Afyon’daki patlayan bombalardan sonra en son patlayan TBMM Başkanı sayın Cemil Çiçek oldu. “Çuvallar dolusu plaket. Şu plaket işini bıraksak. Valilerimiz şu hediye işini tümden kaldırsa. ‘Kimin malını kime hediye ediyoruz’ deyip bu işe nokta koysak. Bana plaket verince ne oluyor? Anı olacak bir yönü de yok. Artık valilerimiz de bu yağcılığı bir bıraksa…” deyiverince, muhalefeti de hak verdi, iktidar yanlıları da…
*
Bir de, son günlerde oskar ödülleri çıktı karşımıza.
Kendisi oskar olmayanlar, oskar ödülleri adı altında düzenledikleri gece ile rezil rüsva oldular. Yaşananlar tam rezaletti.

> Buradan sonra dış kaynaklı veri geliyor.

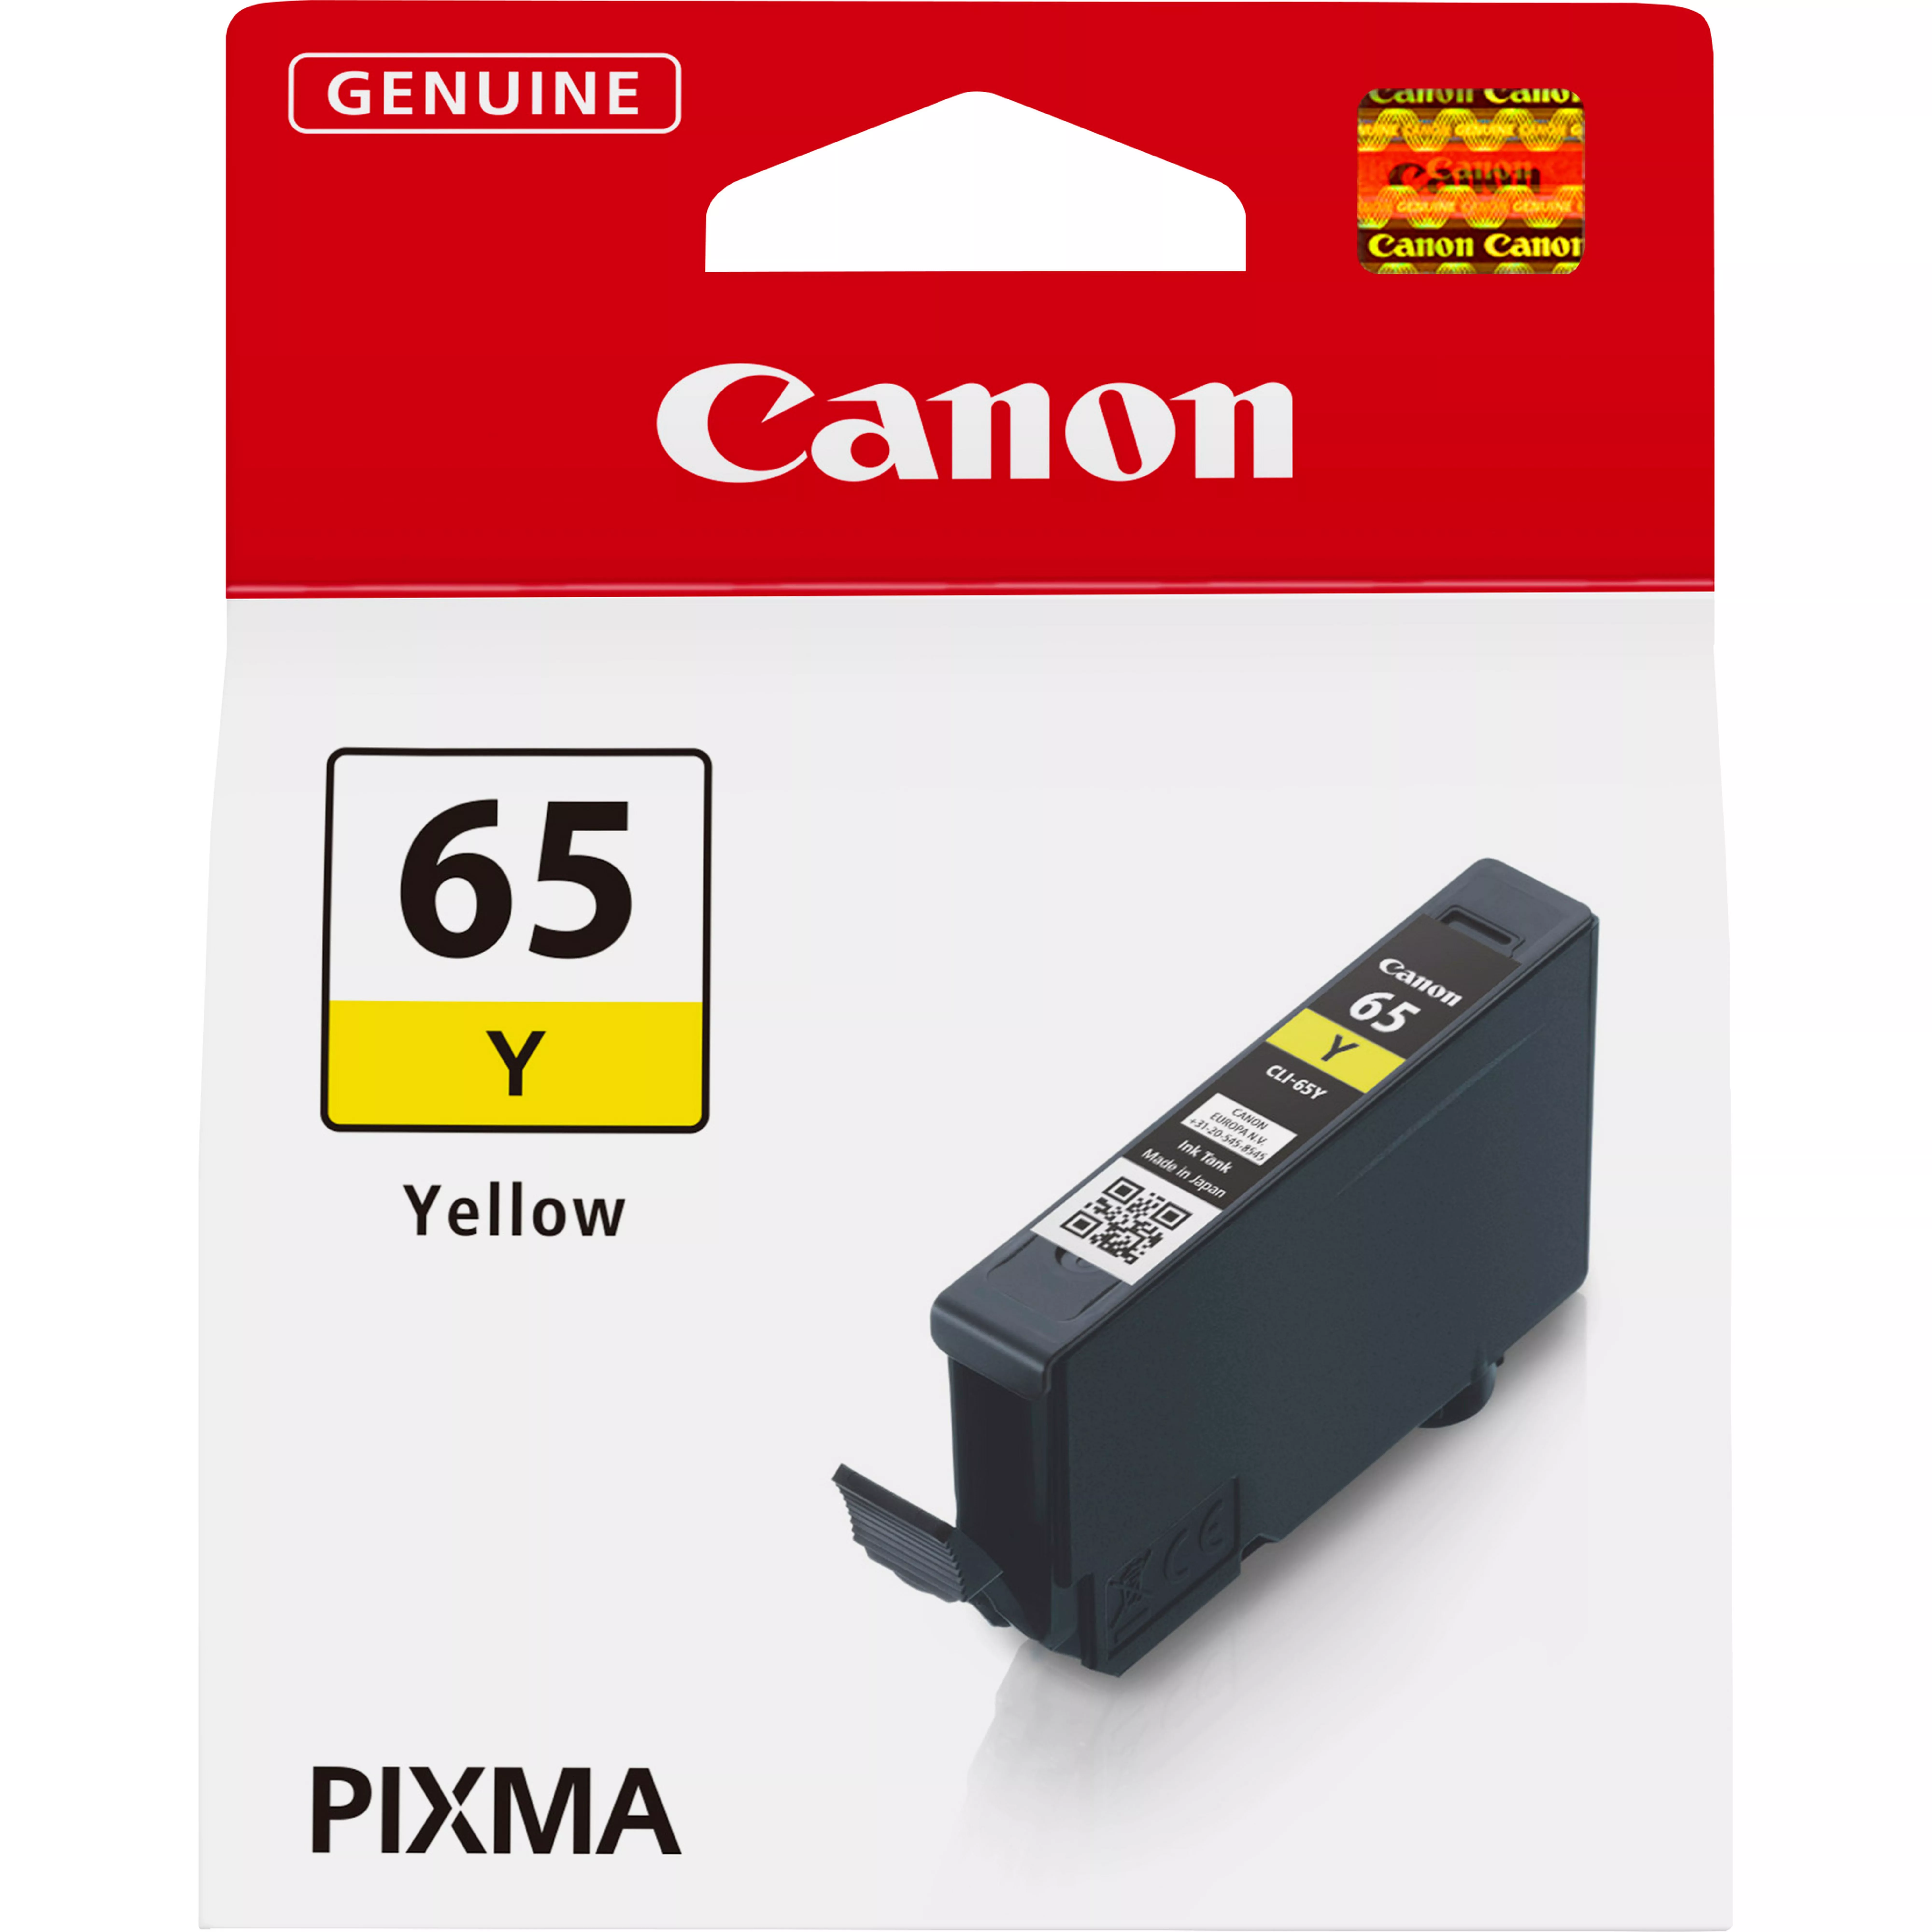 Achat CANON CLI-65 Y EUR/OCN Ink Cartridge au meilleur prix

Öğretmenevi’ndeki gecede kimse yoktu. Masalar bomboştu. Türkücüler bile boş masalara şarkı-türkü seslendirdiler.
Bırakın boş masaları, gazeteciler bile gelmemişti geceye.
Sevgili Gökhan, bu sana ders olsun! Dedim ya, belki güceneceksin, canın sıkılacak ama bunları yazmak zorundayım.
Önce haddini bileceksin!
Kendini tartacak, bilmem nerenin kaç okka geldiğini kantara çekeceksin!
Bu geceyi düzenlemek istediğinde üzmek, aşkını-şevkini kırmak istemedik. Lakin, felaket geliyorum diyordu. Haberci haber veriyordu olacakları.
Halk otobüsleri başkanı oskarı ne bilsin. Oskar ödülü neyine adamın! Yolda yürümesini bilmeyenlere oskar ödülleri dağıtmaya kalkışırsan olacağı buydu güzel kardeşim!
Önce sen oskar olacaksın ki, ödül verdiklerinde oskarlı olacak, ödüllerin de oskara benzesin.
Gücünü, çapını, karekökünü bileceksin.
Dedim ya yukarıda, önce haddini… Tamam, saygılı, terbiyeli, efendi çocuksun da, olanları görüyorsun işte. Seni severim bilirsin. Bu yazdıklarım seni üzmesin, ama teşvik etsin, ders almanı sağlasın, dostunu düşmanını iyi tanımana vesile olsun.
Şapkanı al, gözünün önüne koy ve bir daha düşün!
Senin adına üzüldüm. O geceye keşke görmeseydi gözlerim! O telaşlı, o sinirli halin gözlerimin önünden gitmiyor çünkü. Fiyasko desem canın sıkılır, başka isim bul sen kendine.
Neyse, oldu bitti. Dilerim ders almışındır! Geçmiş olsun!
*
Lafı değiştirdik. Yine valilere döndük.
Plaket işini oldu bitti sevmem. Hele hele gecelerde dağıtılan, en çok parayı kim verirse onu alıp yücelere çıkartmak, ödüllendirmek, tam bir rezaletin danıskası…
Paran varsa başarılısın, üç kuruş verirsen, alacağın plaket seni oskar yapacak!
Yok öyle şey!
Aslında başa dönüyorum, sayın Cemil Çiçek’in uyarılarını dilerim valilerimiz dikkate alırlar.
Daha dikkatli olurlar bundan sonra!
Yalakalığı bırakın, işinize gücünüze bakın!
Yine söylüyorum, iktidarın değil, halkın valisi olun!
Sayın başbakan da bunu emrediyor size!